I miss the times when I bought a fanzine at a con and curled up in bed with it. They did say, at this panel, that people shouldn't be charging for their fan fiction, which of course, they shouldn't, but when I was writing and publishing, the editor did have to charge at least for print and postage. The contributors would get a free copy, and that was all. I recall a club in Queensland that had a policy of never handing out contributor copies, which asked me if they could reprint one of my longer stories. I said sure, as long as I got a free copy. They whined that they couldn't afford it(though they intended to sell it)and I told them that I wasn't a charity, though if they had been fundraising for charity, that would have been another matter. It was never reprinted. So be it. 

I loved my print zines, not only because I could curl up in bed with them, but because they were filtered by editors. I grant you that some fanzines were pretty dreadful, but you soon worked out which ones they were, and in general you knew they would be okay. You can't know now. 
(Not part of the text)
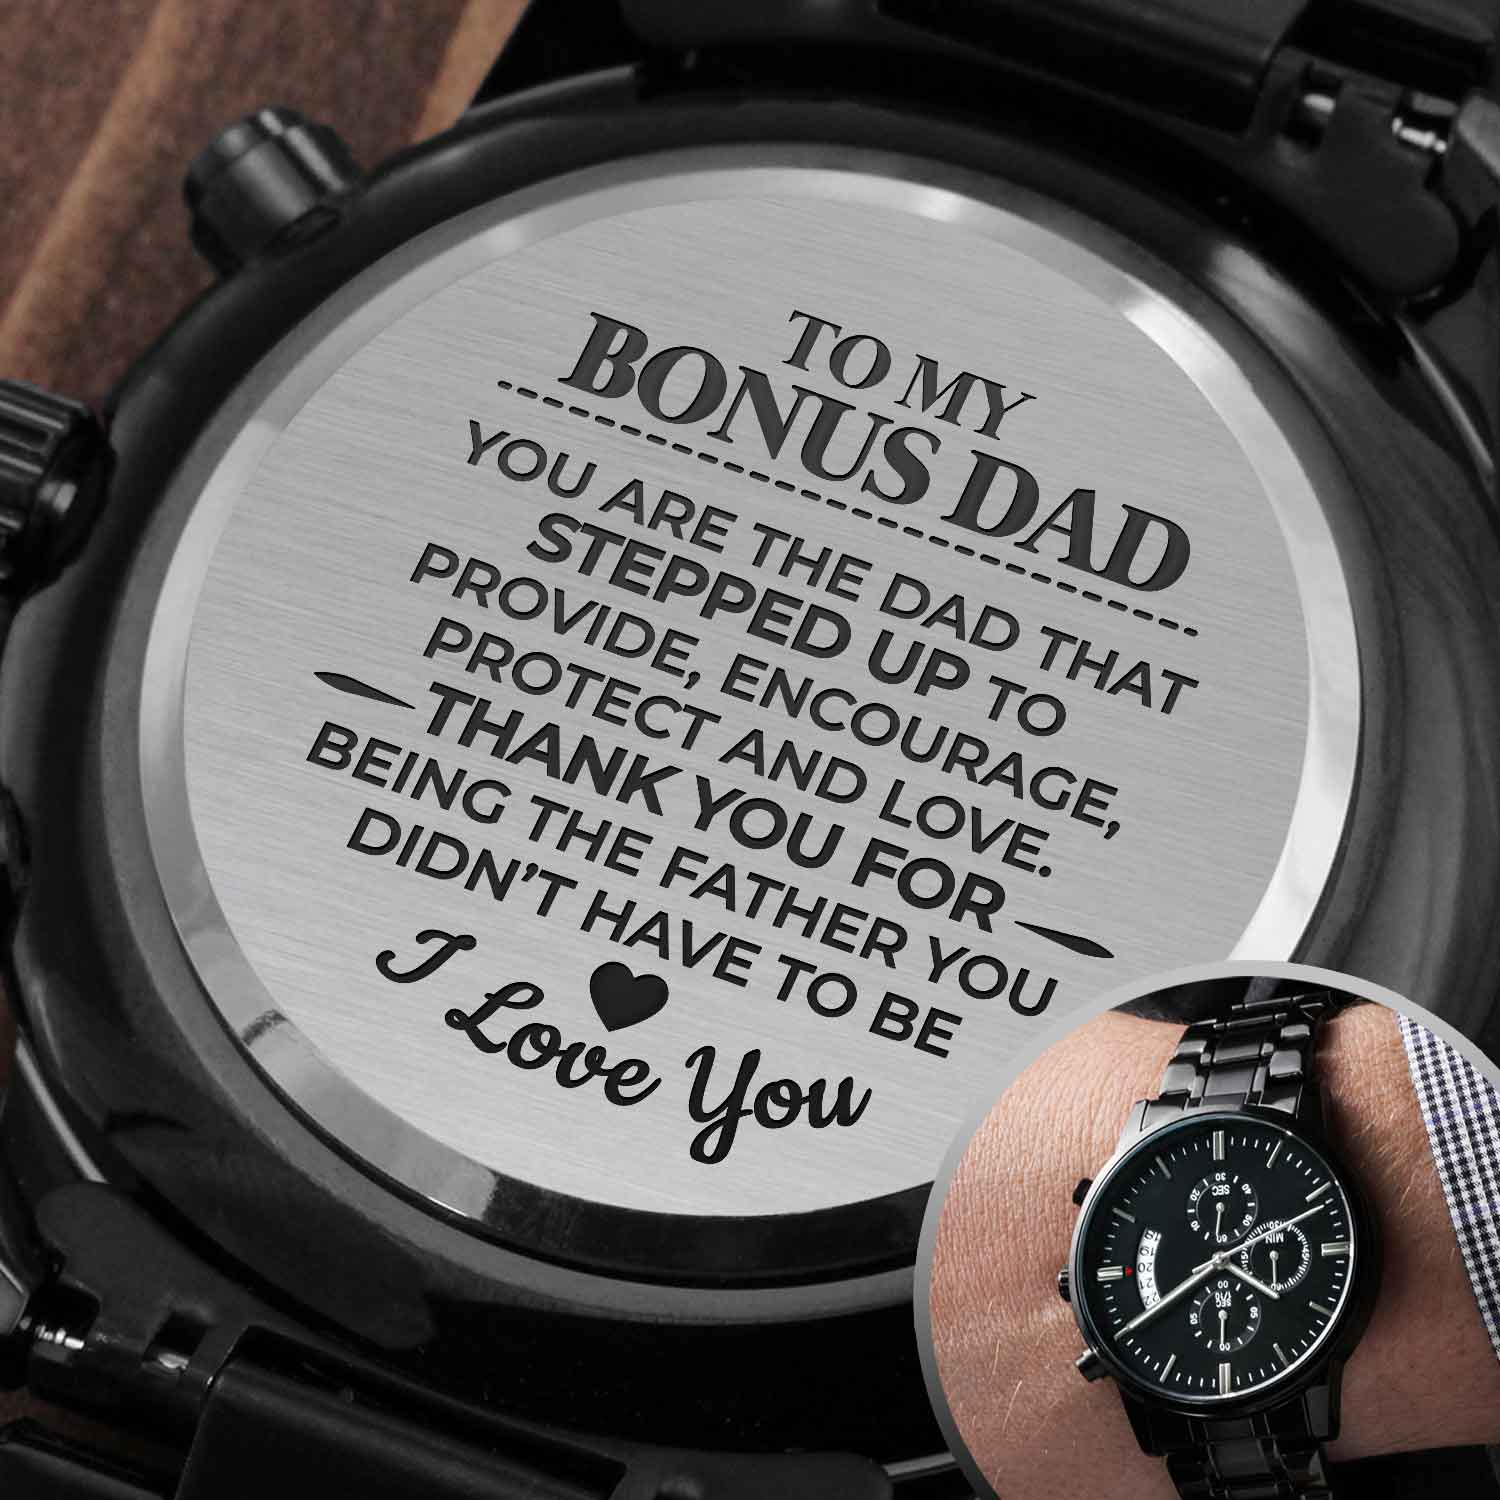 ShineOn Fulfillment Watches Two-Toned Box To My Bonus Dad - You Are The Dad That Stepped Up - Premium Watch

Anyway, that was the final panel and was followed by the closing ceremony. I went home in the tram with Gillian, who has family in my part of Melbourne, and a friend of hers who also lives here. 

My plan was to get home about 3.30 tops and do a load of wash, but no such luck. Gillian is popular, and spent at least 20 minutes on her farewells! Oh, well. It will just have to wait.

So, anyone got a suggestion for a name for the YA Hugo?